Exploring AMD’s Ambitious ROCm Initiative
Support for Other Languages
The versatile LLVM/Clang compiler infrastructure means ROCm supports a wide range of programmer preferences within the C/C++ language family, from standard C, to standard C++, to STL parallel extensions, to the turbo-charged GPU-based features embodied in C++ AMP. HIP and the HIP conversion options bring CUDA into the mix. Beyond C and C++, the ROCm platform also supports Python Anaconda. Anaconda is a specialized version of Python tailored for scientific computing and large-scale data processing. ROCm also provides native support for the OpenCL (Open Compute Language) framework. OpenCL is an open standard maintained by the nonprofit Khronos group that was originally envisioned as a heterogeneous framework for supporting CPU- and GPU-based computing in parallel programming environments. In other words, OpenCL has some goals that are very similar to ROCm.
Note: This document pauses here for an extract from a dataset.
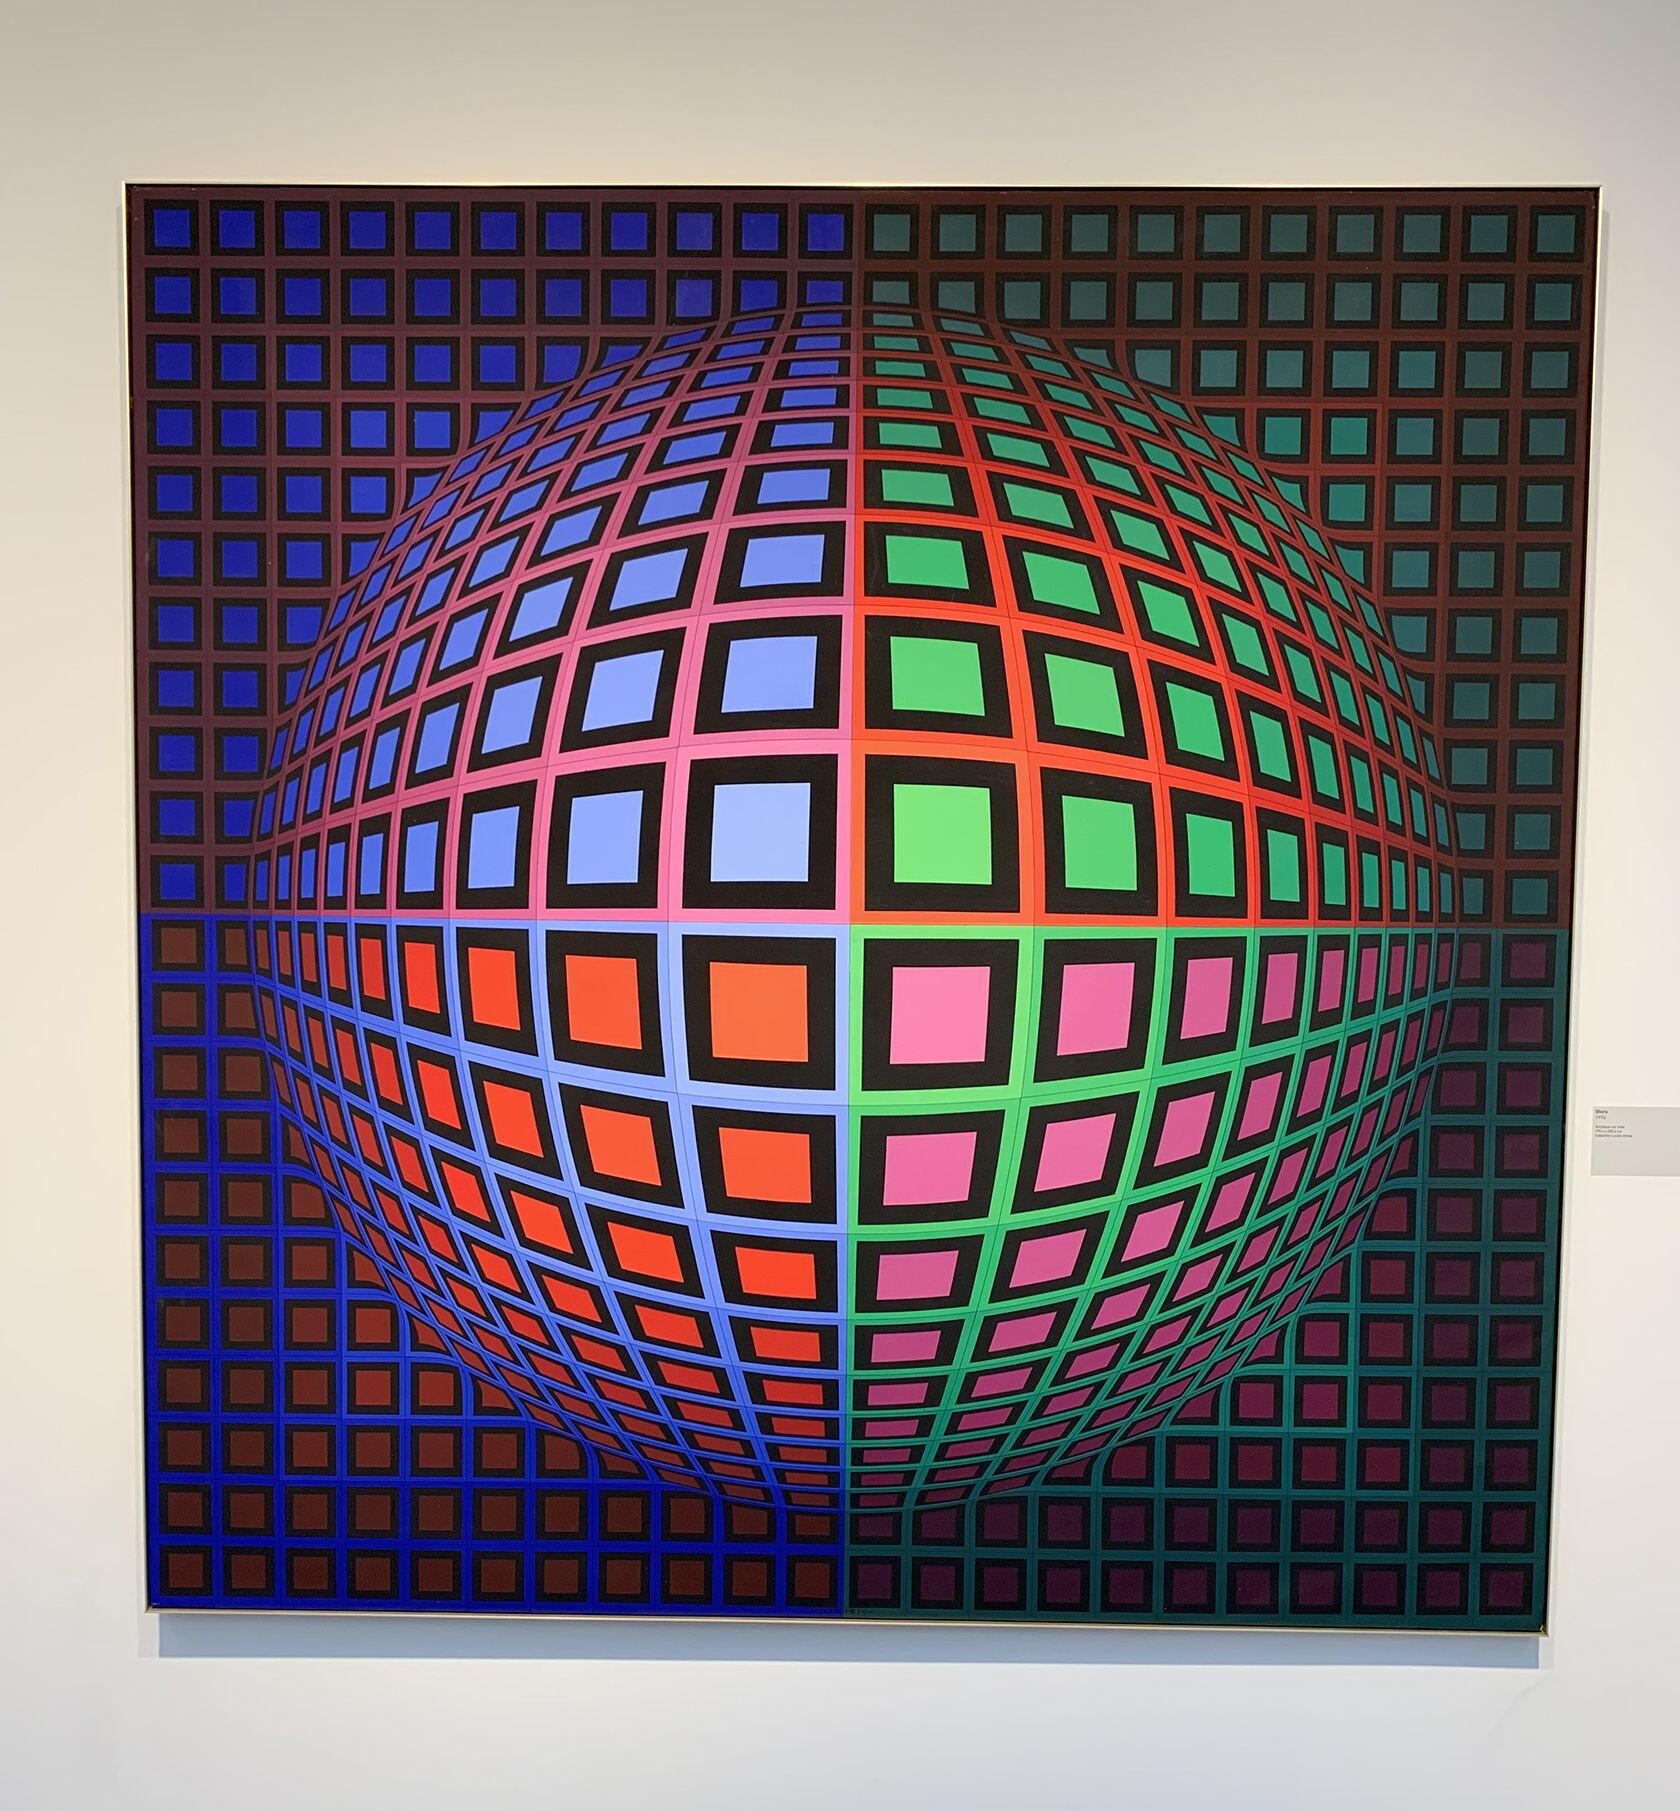 Fondation Vasarely Aix-en-Provence Op Art
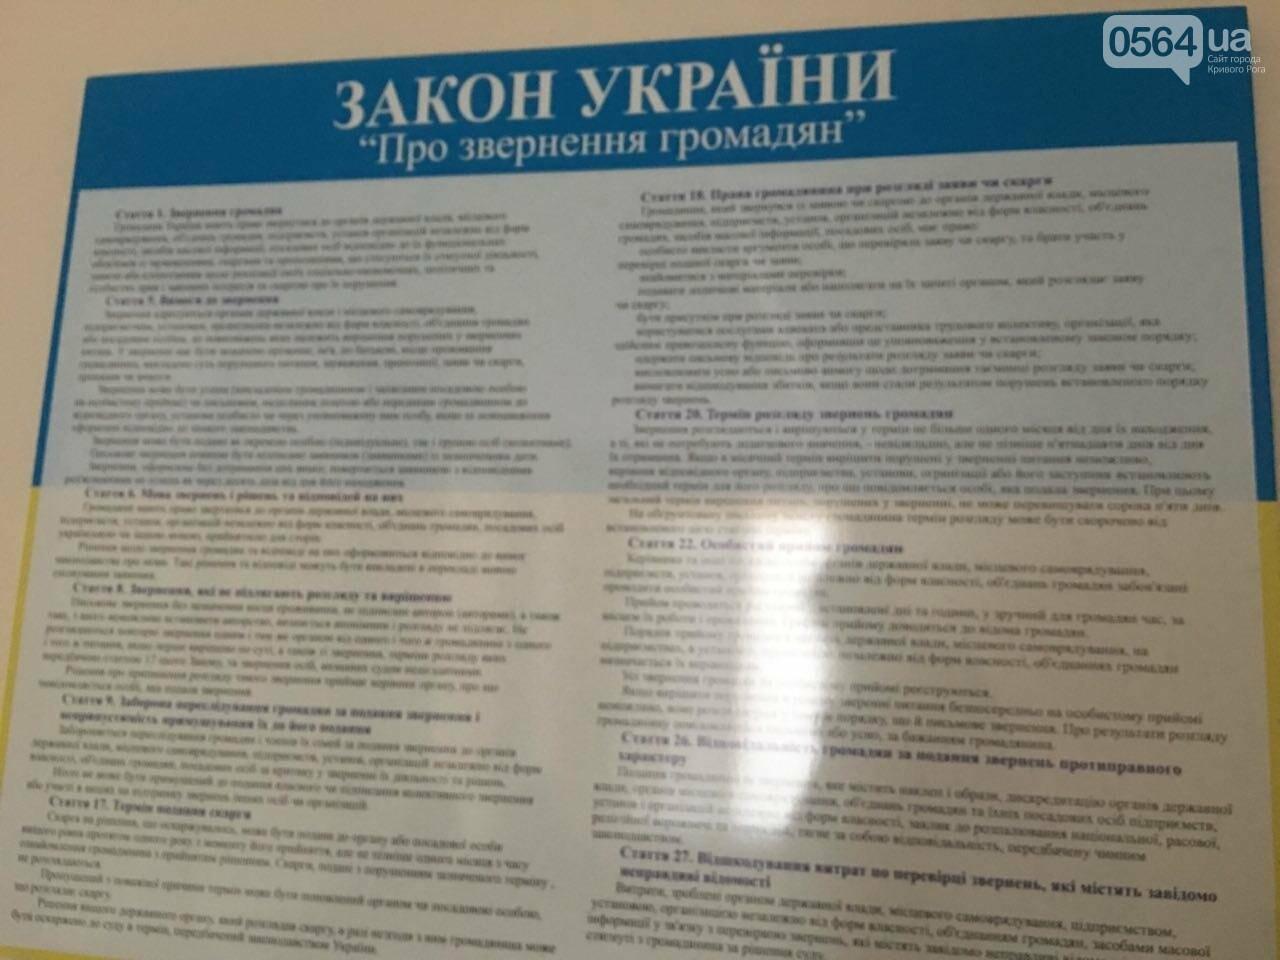 Криворожане передали в СБУ заявление с требованием проверить организации, которые возглавлял Островский, - ФОТО, фото-2

AMD is a member of the Khronos group and has invested heavily over the years in OpenCL as a framework for GPU-accelerated programming.
The OpenMP parallel programming API supports offloading to Radeon GPUs through Clang, so developers can access the advanced capabilities of Radeon GPUs from within OpenMP.
HSA-Compliant System Runtime
The foundation for the ROCm environment is the ROCm kernel driver and system runtime stack. The ROCr system runtime API, which resides above the kernel driver, is a language-independent runtime that complies with Heterogeneous System Architecture (HSA) specifications. HSA is an industry standard designed to support the integration of GPUs and CPUs with shared tasks and scheduling.
The modular form of the ROCm system runtime stack means the system runtime could one day support additional programming languages and additional hardware acceleration devices. In the true spirit of heterogeneous computing, the kernel layer below is also implemented as a separate module to facilitate easy porting to other kernel environments.
ROCm also supports a number of powerful APIs and libraries to optimize performance for GPU-based HPC scenarios. For instance, the RCCL (pronounced “rickle”) collective library is a powerful tool for supporting multiple GPUs on a single node in single- and multi-process operations, as well as extending the environment to include multi-node communication.